Used in Pharmaceutical Research:
α-(4-methylphenyl)-4-pyridinemethanol is utilized as a key intermediate in the synthesis of various pharmaceuticals, leveraging its structural features to contribute to the development of new therapeutic agents.
Used in Organic Synthesis:
α-(4-methylphenyl)-4-pyridinemethanol serves as a valuable building block in organic synthesis, enabling the creation of a diverse array of chemical products due to its reactive functional groups.
Used in Antioxidant Applications:
α-(4-methylphenyl)-4-pyridinemethanol is employed for its antioxidant properties, potentially protecting cells from oxidative stress and contributing to health and wellness applications.
Used in Anticancer Applications:
α-(4-methylphenyl)-4-pyridinemethanol is explored for its anticancer properties, suggesting its use in the development of cancer treatments by targeting and inhibiting cancer cell growth.
Used in Anti-inflammatory Applications:
Due to its anti-inflammatory activity, α-(4-methylphenyl)-4-pyridinemethanol may be applied in the formulation of anti-inflammatory drugs to alleviate inflammation and associated conditions.
Used in Neurodegenerative Disease Treatment:
α-(4-methylphenyl)-4-pyridinemethanol has been investigated for its potential in treating neurodegenerative diseases, indicating its use in medicinal research for conditions like Alzheimer's and Parkinson's.
Used in Agrochemicals:
α-(4-methylphenyl)-4-pyridinemethanol is also used as an intermediate in the synthesis of agrochemicals, suggesting its role in developing pesticides or other agricultural products to enhance crop protection and yield.

Upstream product

• 104-87-0 4-methyl-benzaldehyde 
• 113964-72-0 triphenyl(pyridin-4-yl)phosphonium trifluoromethanesulfonate 
• 872-85-5 pyridine-4-carbaldehyde 
• 4294-57-9 para-methylphenylmagnesium bromide 
• 100-48-1 pyridine-4-carbonitrile 
• 110-86-1 pyridine 
• 106-38-7 para-bromotoluene 

Downstream Products

• 141685-99-6 1-Methyl-4-(4-methyl-benzyl)-1,2,3,6-tetrahydro-pyridine 
• 192990-02-6 4-(4-methylbenzyl)-1-but-3-ynylpiperidine 
• 92822-01-0 4-[(4methylphenyl)methyl]piperidine 
• 165110-20-3 4-[(4-methylphenyl)methyl]piperidine hydrochloride 
• 36995-48-9 4-[(bis-4-methylphenyl)methyl]pyridine 

Relevant articles and documents

Reductive arylation of aliphatic and aromatic aldehydes with cyanoarenes by electrolysis for the synthesis of alcohols

An electroreductive arylation reaction of aliphatic and aromatic aldehydes as well as ketones with electro-deficient (hetero)arenes is described. A variety of cyano(hetero)arenes and carbonyl compounds, especially aliphatic aldehydes, have been examined, providing secondary and tertiary alcohols in moderate to good yields. Mechanistic studies, including cyclic voltammetry (CV), electron paramagnetic resonance (EPR), and divided-cell experiments, support the generation of aliphatic ketyl radicals and persistent heteroaryl radical anions via cathodic reduction followed by radical-radical cross-coupling.

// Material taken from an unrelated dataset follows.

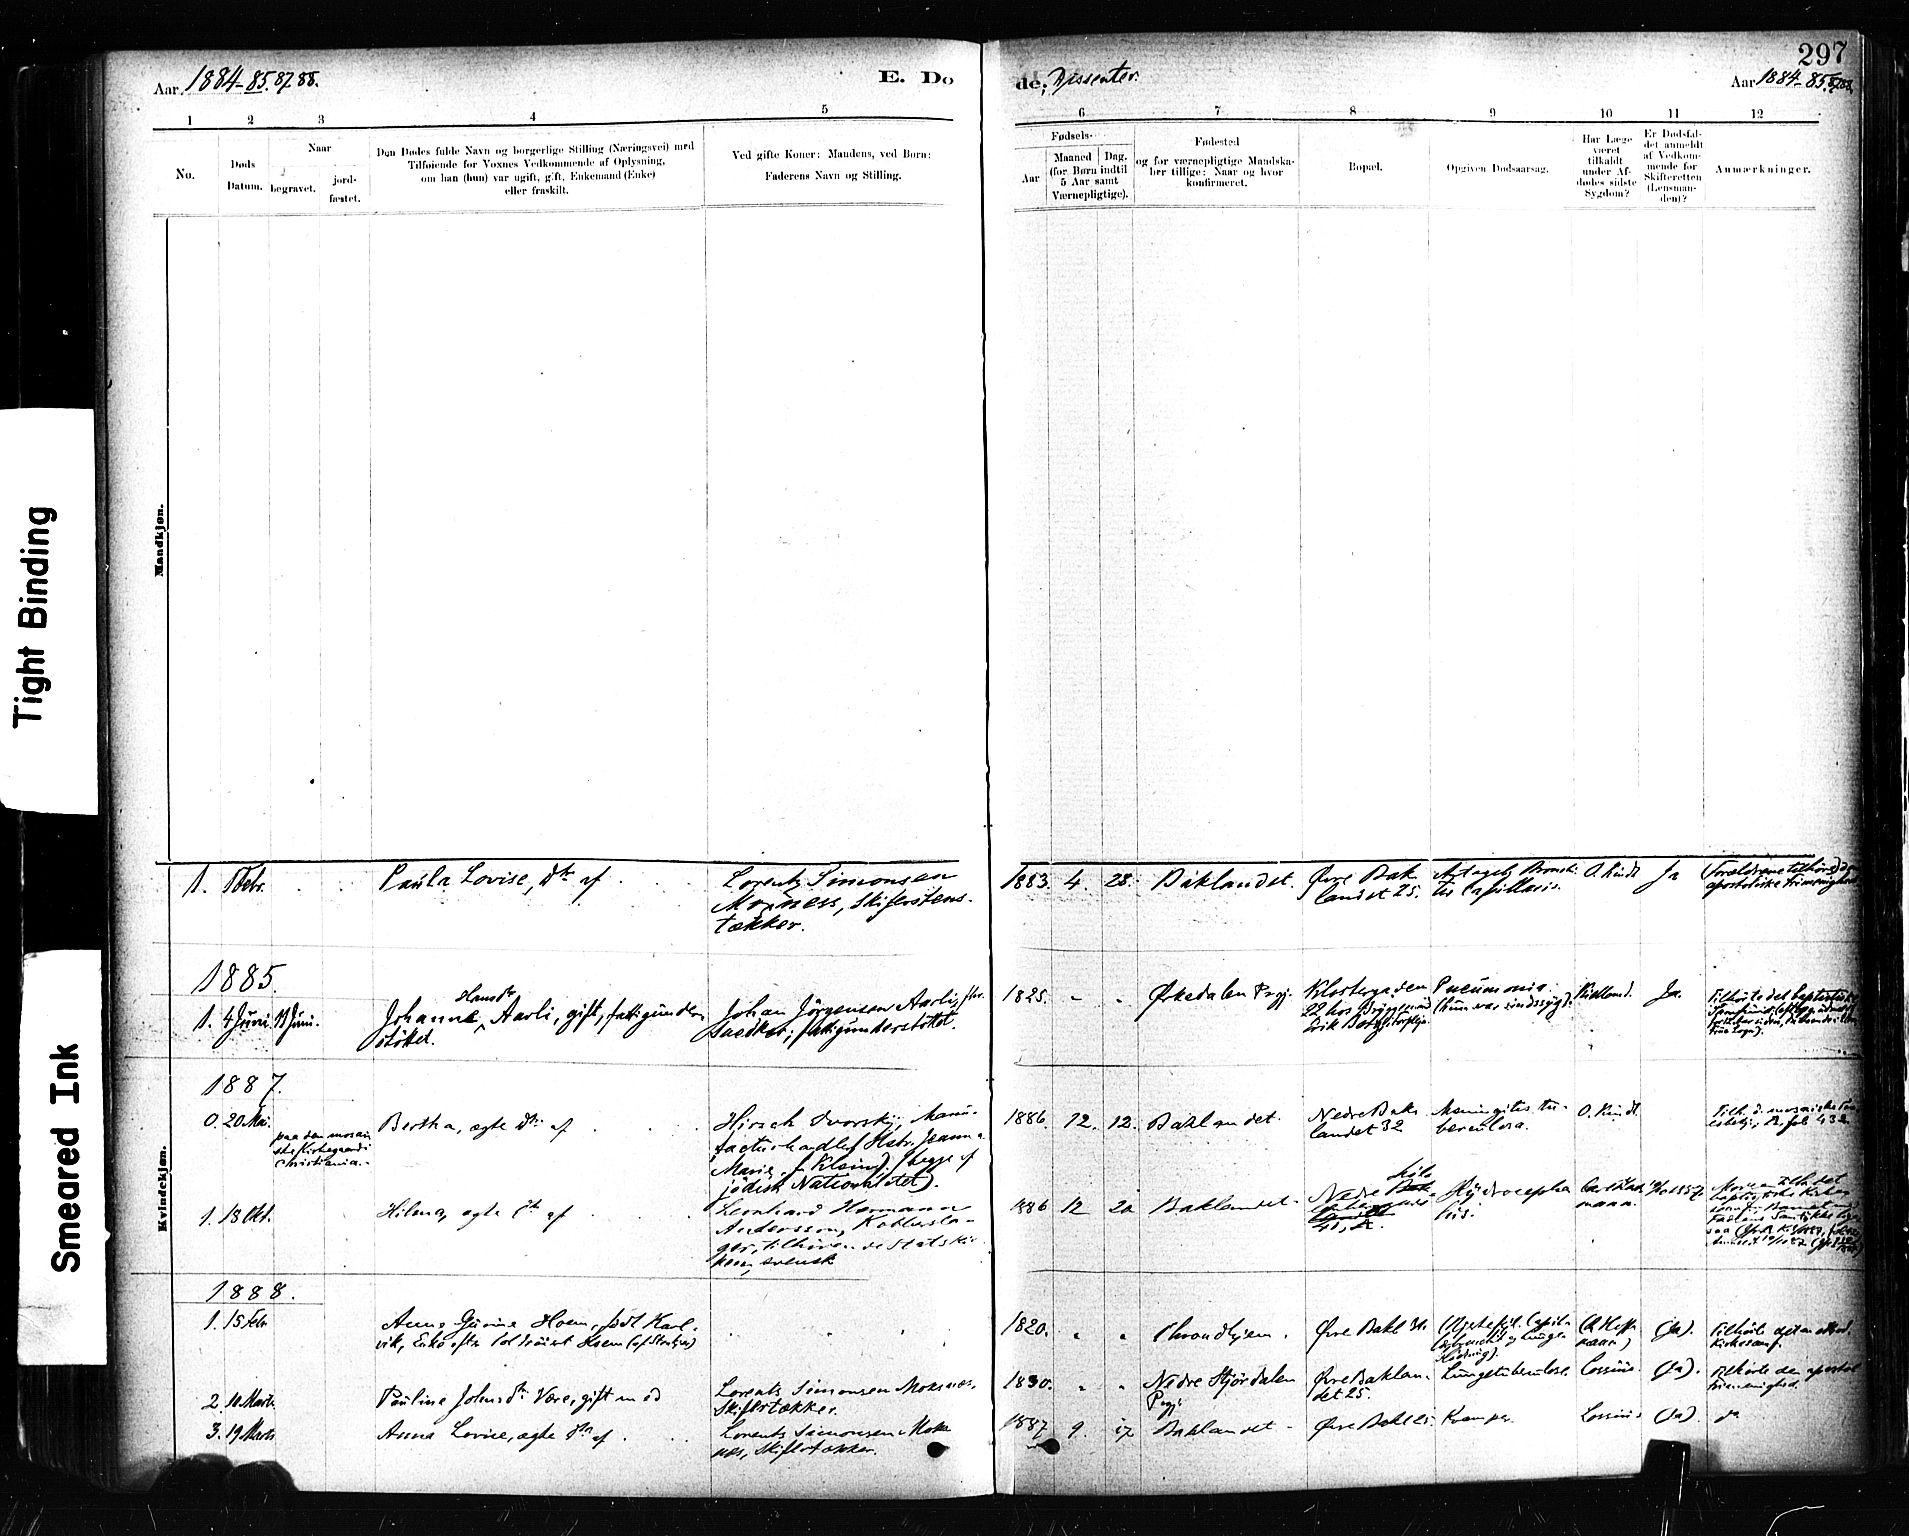 SAT, Ministerialprotokoller, klokkerbøker og fødselsregistre - Sør-Trøndelag, 604/L0189: Ministerialbok nr. 604A10, 1878-1892, s. 297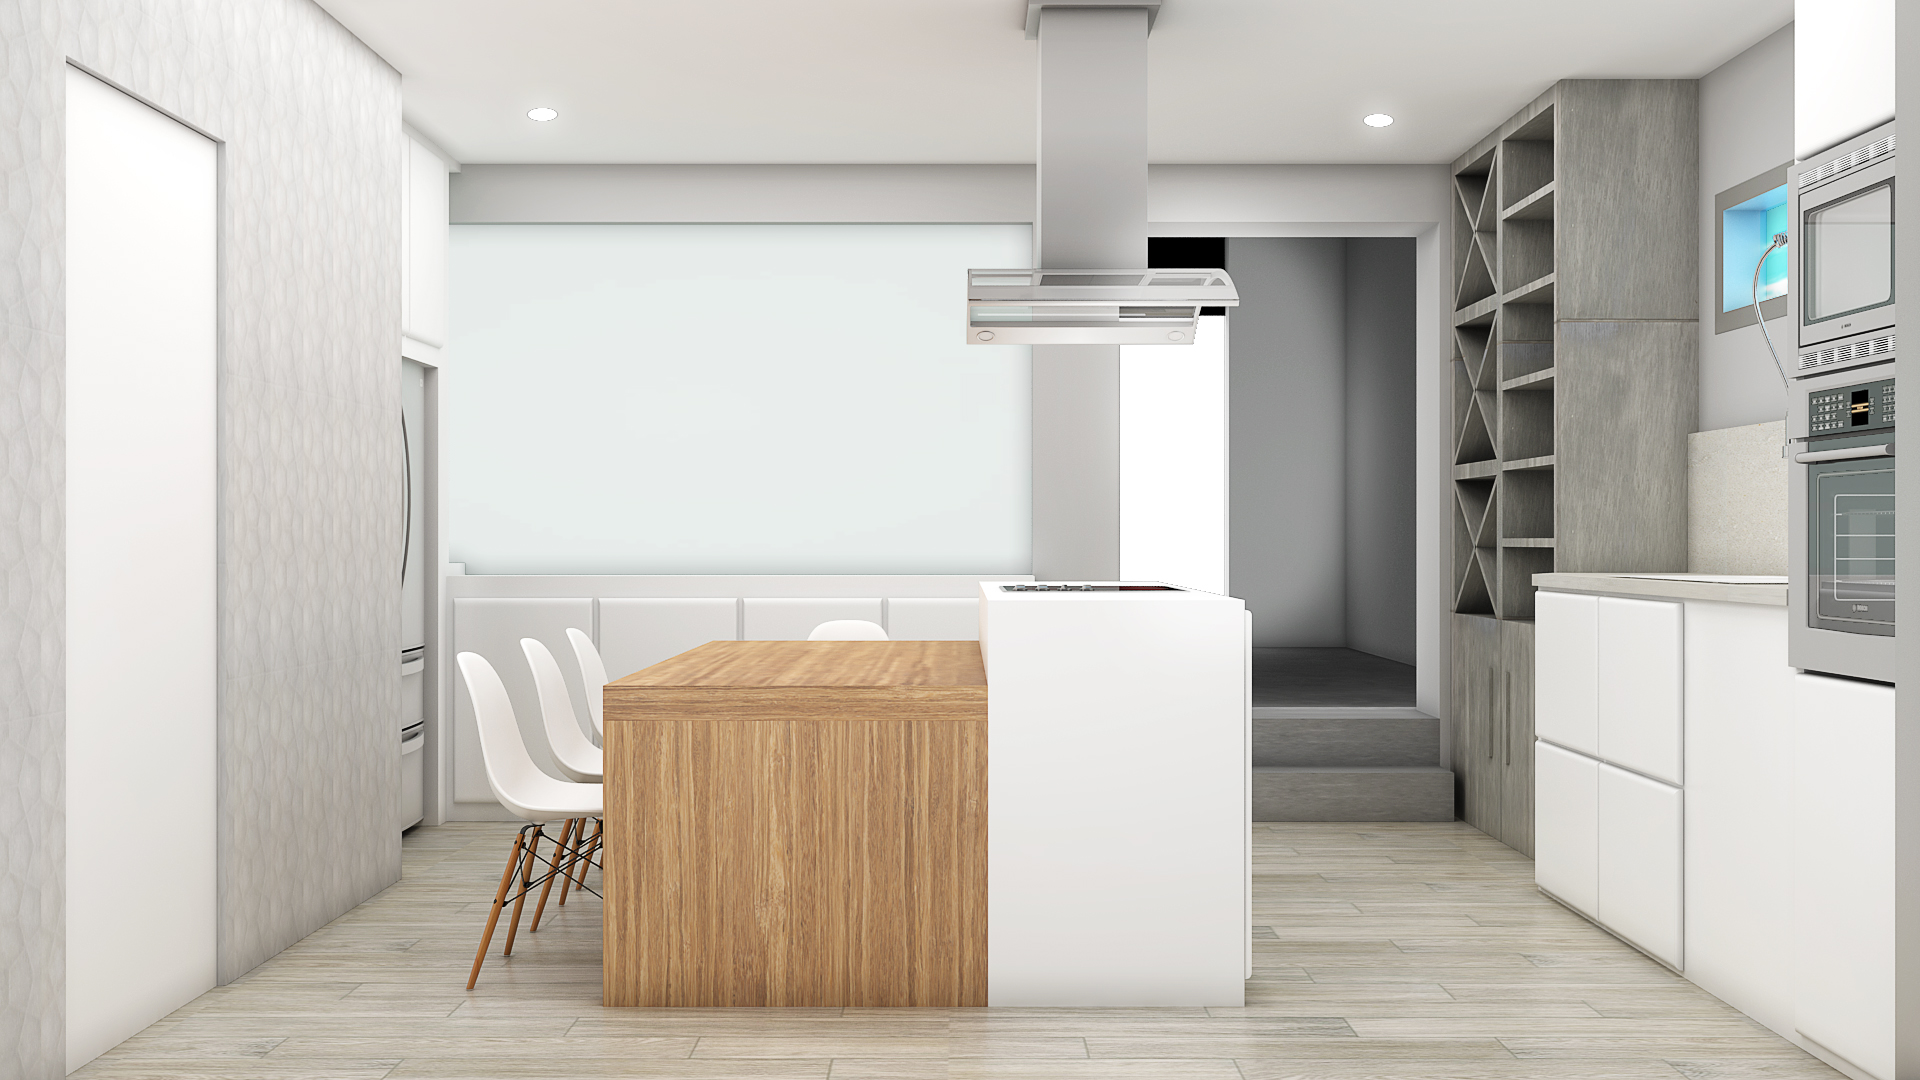 Proyecto de interiorismo y creaci n de mobiliario en - Proyectos de interiorismo online ...

Convenient, benign and scalable synthesis of 2- and 4-substituted benzylpiperidines

A short, scalable and environmentally benign synthesis of 2- and 4-substituted benzylpiperidines has been developed. The method is based on the temperature-programmed consecutive deoxygenation and heteroaromatic ring saturation of aryl(pyridin-2-yl)- and aryl(pyridin-4-yl)methanols and aryl(pyridin-4-yl)methanones in the presence of Pd/C catalyst. The crucial roles of the temperature, the acidity and the substrate structure in the change of selectivity have been demonstrated by isolation of several substituted aryl(piperidine)methanols. The carbinols and ketones were prepared from commercially available pyridinecarbaldehydes or 4-cyanopyridine and substituted bromobenzenes via organometallic intermediates. Wiley-VCH Verlag GmbH & Co. KGaA, 69451 Weinheim, Germany, 2004.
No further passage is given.